Traditional banks have been reluctant to offer services to individuals with small incomes and limited savings – but the millions of unbanked people are a major economic force that makes digital banking an attractive solution.
The continent’s diversity of small businesses can also benefit from fintech. The World Bank estimates that SMEs account for 90% of businesses supported by around one billion Africans and create seven out of 10 jobs.
The continent has a large informal business sector that was particularly hard hit by the pandemic. Fintech has helped micro, small and medium enterprises (MSMEs) stay afloat and continue to recover by offering online transactions for small amounts, as well as microloans and online platforms.
For example, in South Africa, Adumo, an IFC-backed company, is enabling small businesses to grow by accepting digital payments for the first time.
Growth in the sector continued in 2021 with reports that venture capital technology funding in Africa tripled to more than $5 billion, surpassing all other regions in the world. Most of the funding – 63% amounting to $3.3 billion – went to fintech.
IFC has been a key investor in Africa’s fintech space, having invested in Nigeria’s Interswitch, Egyptian e-payments platform Fawry, West Africa-based mobile money operator Wave, South Africa’s Adumo and Lulalend, and pan-African player TerraPay.
Pandemic pressure
Although fintech has been available since the early 1990s, the Covid-19 pandemic helped spur outreach to unbanked and vulnerable communities, especially when shutdowns limited the ability to conduct cash transactions. In a global survey co-authored by the World Bank, two-thirds of fintech companies reported that they changed their business models during the crisis by reducing fees, revising criteria for loans, easing payment requirements and offering additional information services.

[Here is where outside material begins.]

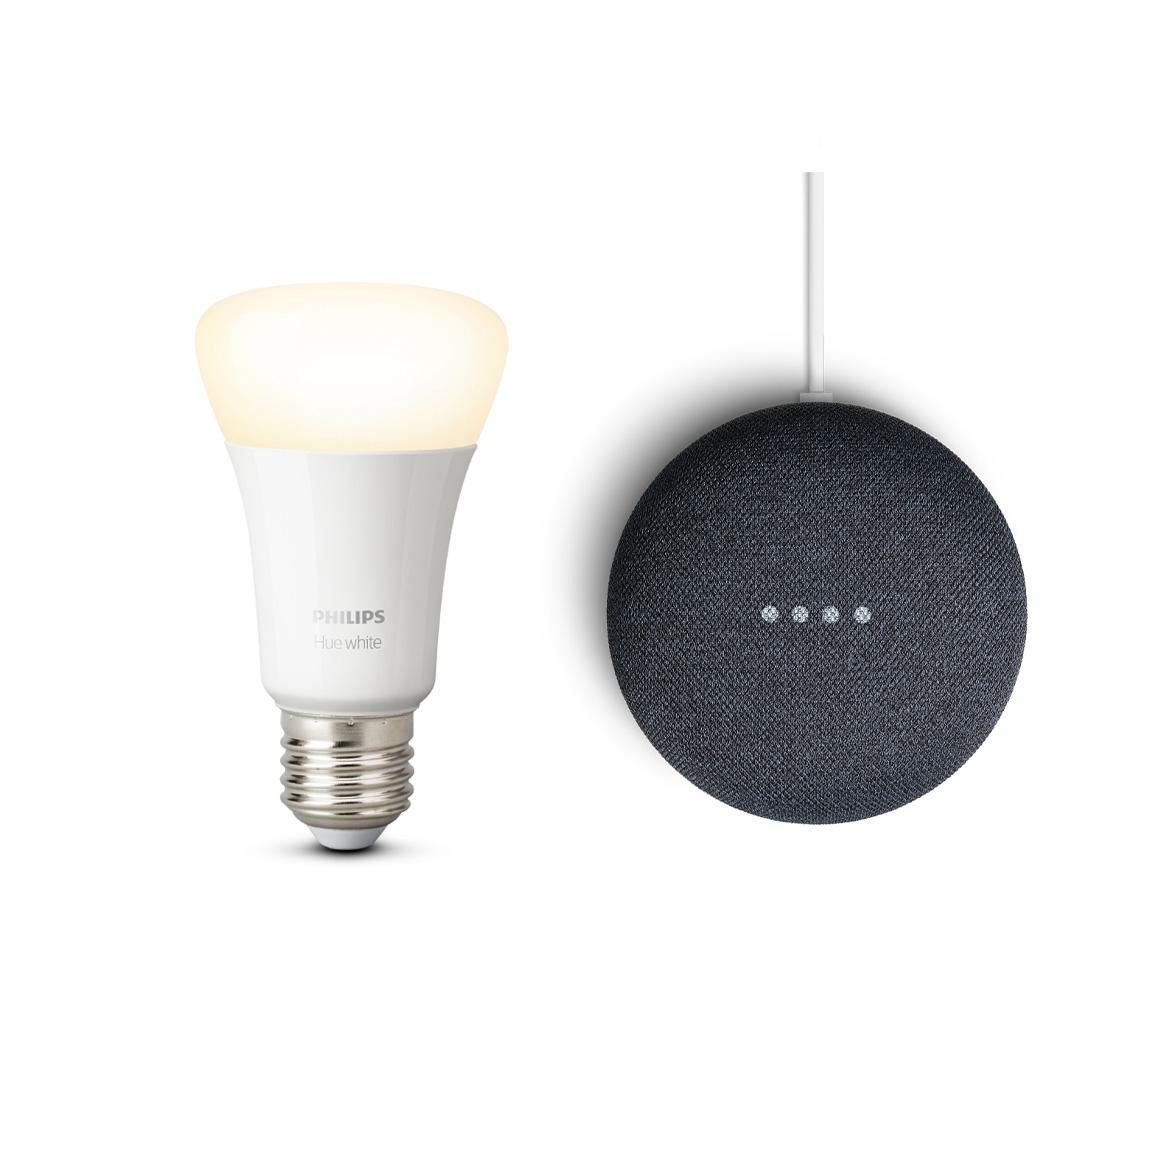 Google Nest Mini + gratis Philips Hue White E27 Bluetooth

For example, payments infrastructure company TerraPay expanded into North America to facilitate affordable same-day financial transfers from Africans working abroad. Also during the pandemic, fintech giant Tutuka, which has since merged with Paymentology, faced the rapidly growing demand for digital cards used by companies and governments to pay remote workers, provide welfare benefits and issue insurance payments. IFC supports these and other fintech services through direct and indirect investment in funds such as Helios, Partech and Apis Partners. Interswitch, for example, is supported by Helios and LeapFrog.
In the coming years, fintech is likely to become even more integrated into African economies as both businesses and customers recognize the long-term benefits of digital transactions.
Analysis in a McKinsey & Co report published in August found that fintech is providing more affordable services to customers with “transactional solutions [that] can be up to 80% cheaper, and interest on savings up to three times higher than those offered by traditional players, while the cost of transfers can be up to six times cheaper.”
Companies such as Lulalend, which enables small businesses to apply online for funding, believe fintech is central to the continent’s future growth.
“Fintech is transforming Africa by empowering business owners to manage cash flow better than ever before. It gives businesses every chance to succeed, and successful businesses improve the economy and help create jobs,” said Trevor Gosling, CEO of Lulalend.